CodePudding user response:
Using a lambda with split.
df["content_duration"] = df["content_duration"].apply(
lambda x: round(int(x.split(" ")[0]) / 60, 2) if x.split(" ")[1] == "mins" else x.split(" ")[0]
)
print(df)
content_duration
0 1.5
1 1
2 1.5
3 1
4 0.62
5 0.73
CodePudding user response:
Use the replace() function to replace the units with their respective conversions. Then apply the pandas eval function to each value to do the necessary conversions.
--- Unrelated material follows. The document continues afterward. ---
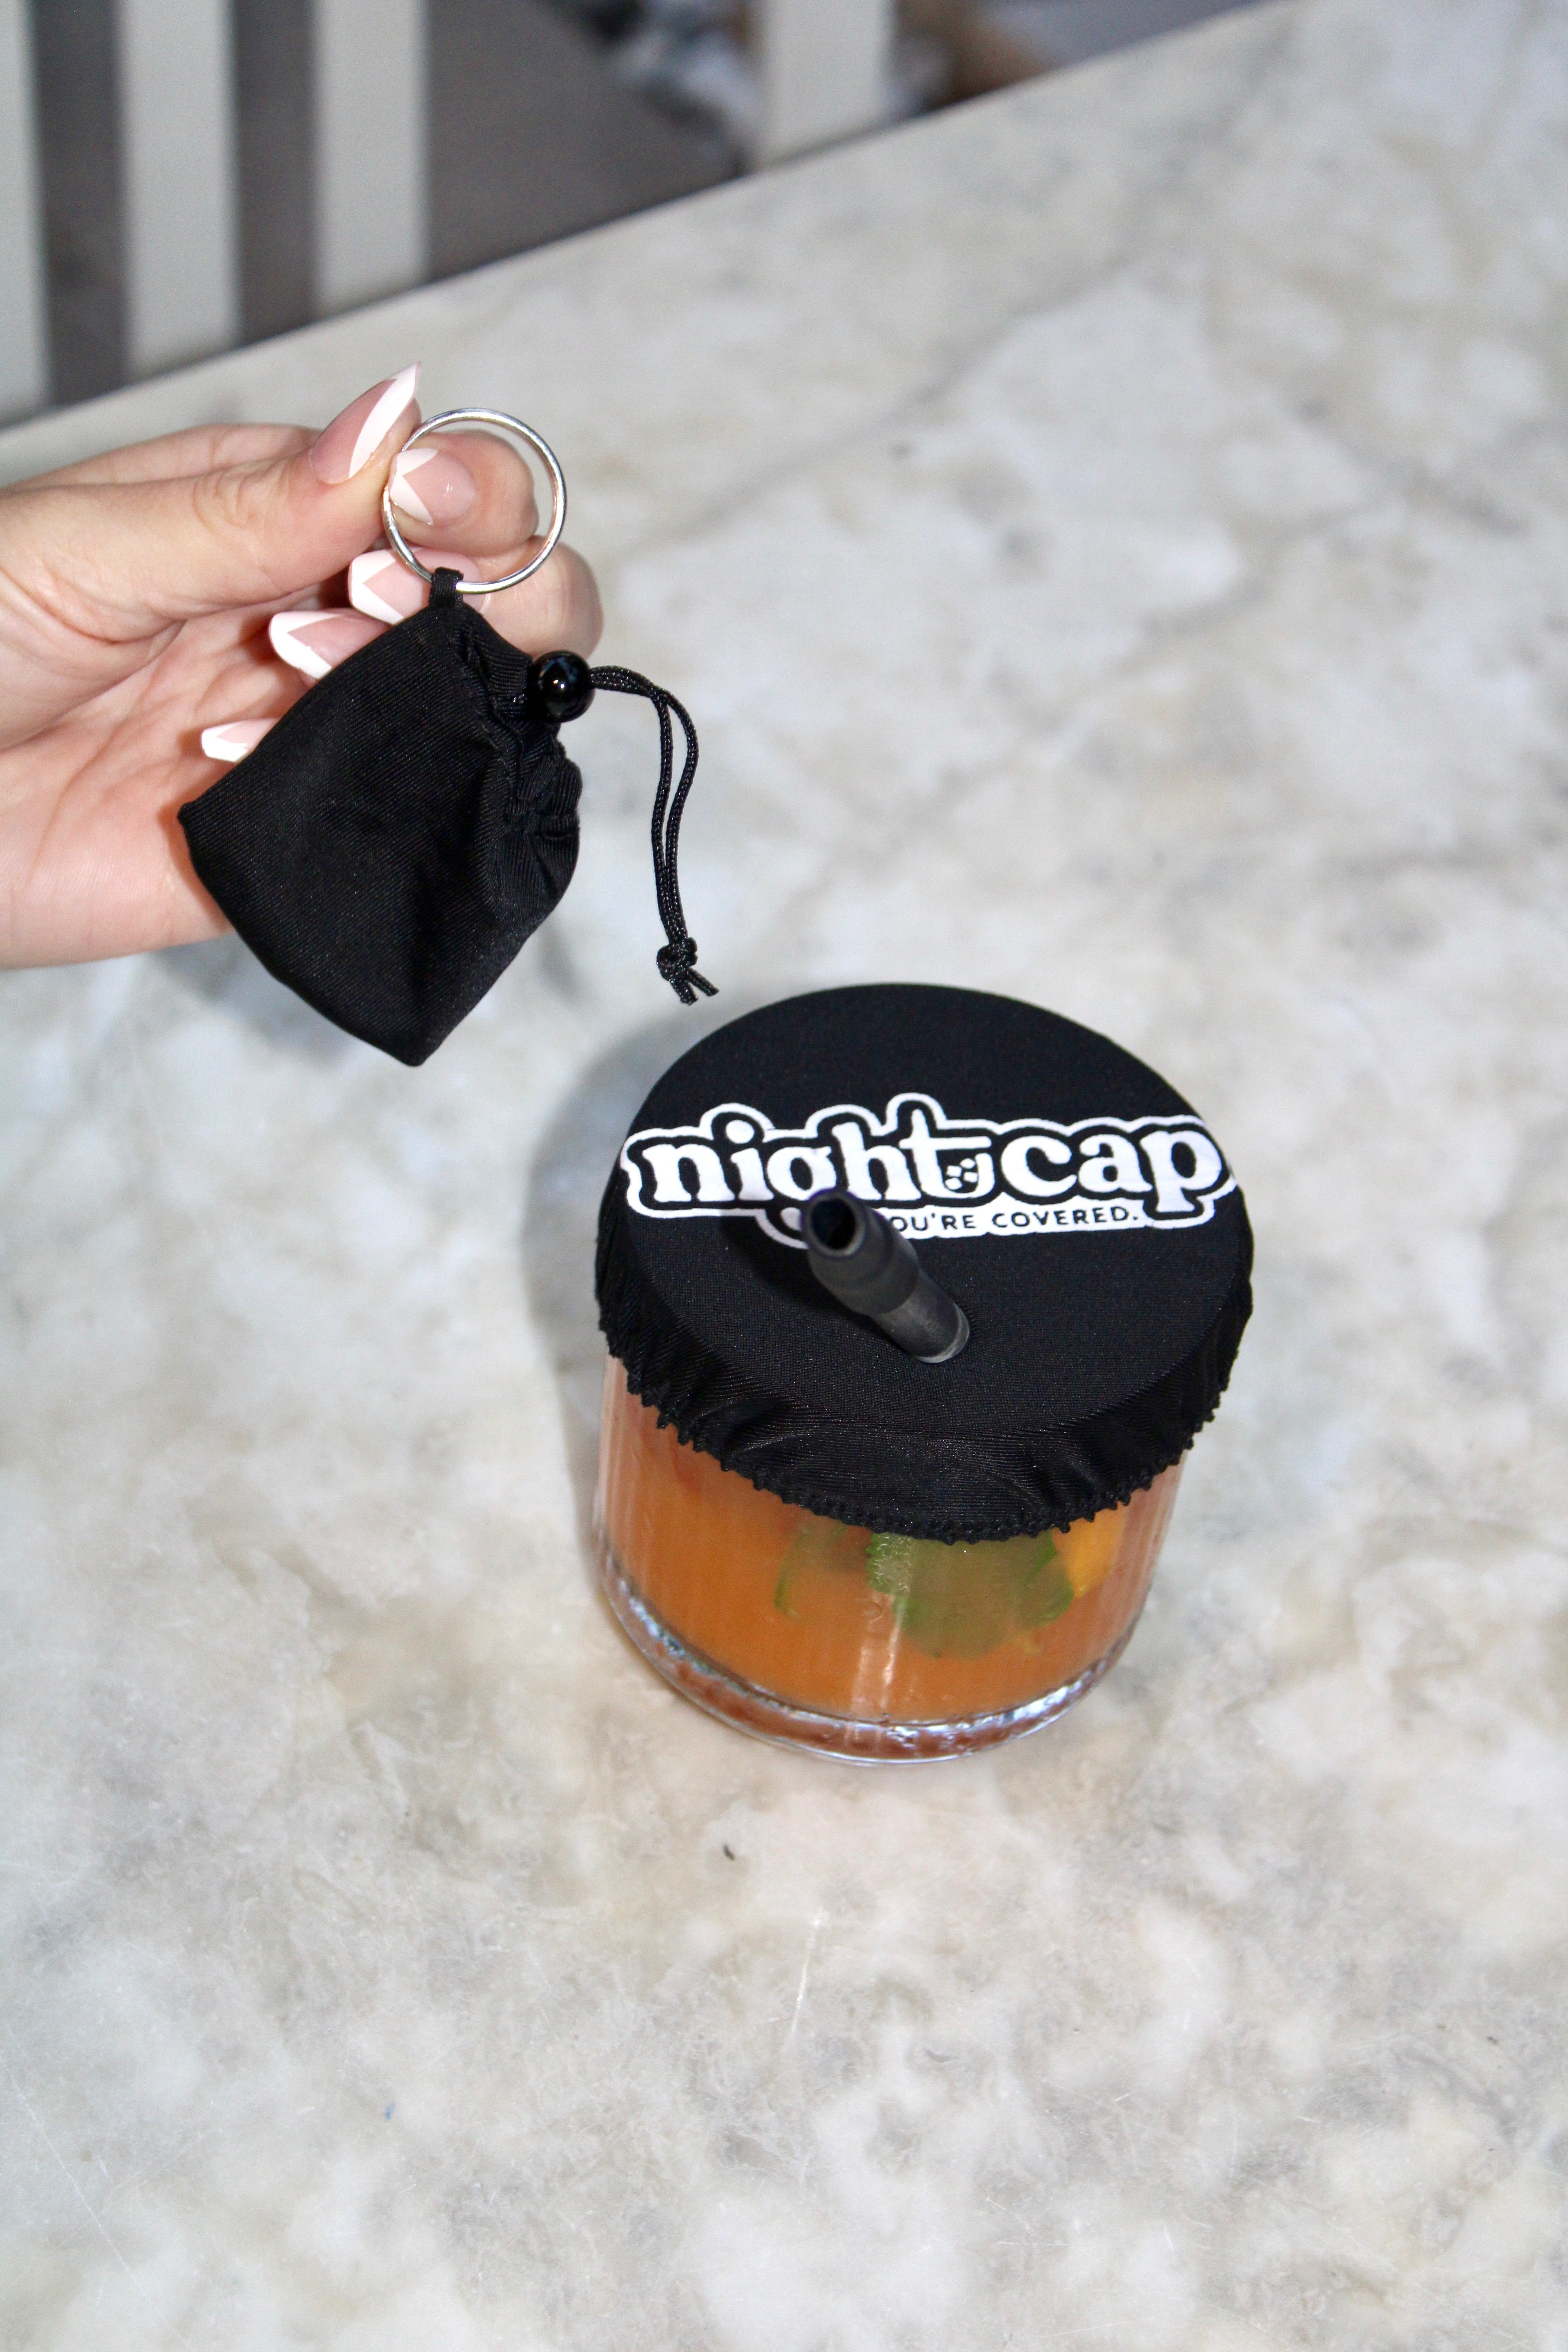 The Original Nightcap Drink Cover Scrunchie, 2 Pack – As Seen On Shark Tank  And TikTok - Reusable - Wear On Wrist Or In Hair, Prevent Drink Spiking

Then round to the desired number of decimal places.
# Create the dataframe
df = pd.DataFrame({"content_duration": ['1.5 hours','1 hour','1.5 hours','1 hour', '37 mins','44 mins']})
# Convert the units to numeric datatype
df['content_duration'] = (df['content_duration'].replace({' mins?':'/60',' hours?':'*1'}, regex=True))\
.apply(pd.eval)\
.round(1)
# Print the dataframe
print(df)
OUTPUT:
content_duration
0 1.5
1 1.0
2 1.5
3 1.0
4 0.6
5 0.7
CodePudding user response:
Pandas's to_timedelta
is very good at converting this, you just need to remove the s
from hours
/mins
:
df['hours'] = (pd.to_timedelta(df['content_duration']
.str.replace(r's\b', '', regex=True))
.dt.total_seconds().div(3600)
.round(2) # optional
)
Output:
content_duration hours
0 1.5 hours 1.50
1 1 hour 1.00
2 1.5 hours 1.50
3 1 hour 1.00
4 37 mins 0.62
5 44 mins 0.73
To have strings:
df['hours'] = (pd.to_timedelta(df['content_duration'].str.replace(r's\b', '', regex=True))
.dt.total_seconds().div(3600).round(2)
.astype(str).add(' hours')
)
output:
content_duration hours
0 1.5 hours 1.5 hours
1 1 hour 1.0 hours
2 1.5 hours 1.5 hours
3 1 hour 1.0 hours
4 37 mins 0.62 hours
5 44 mins 0.73 hours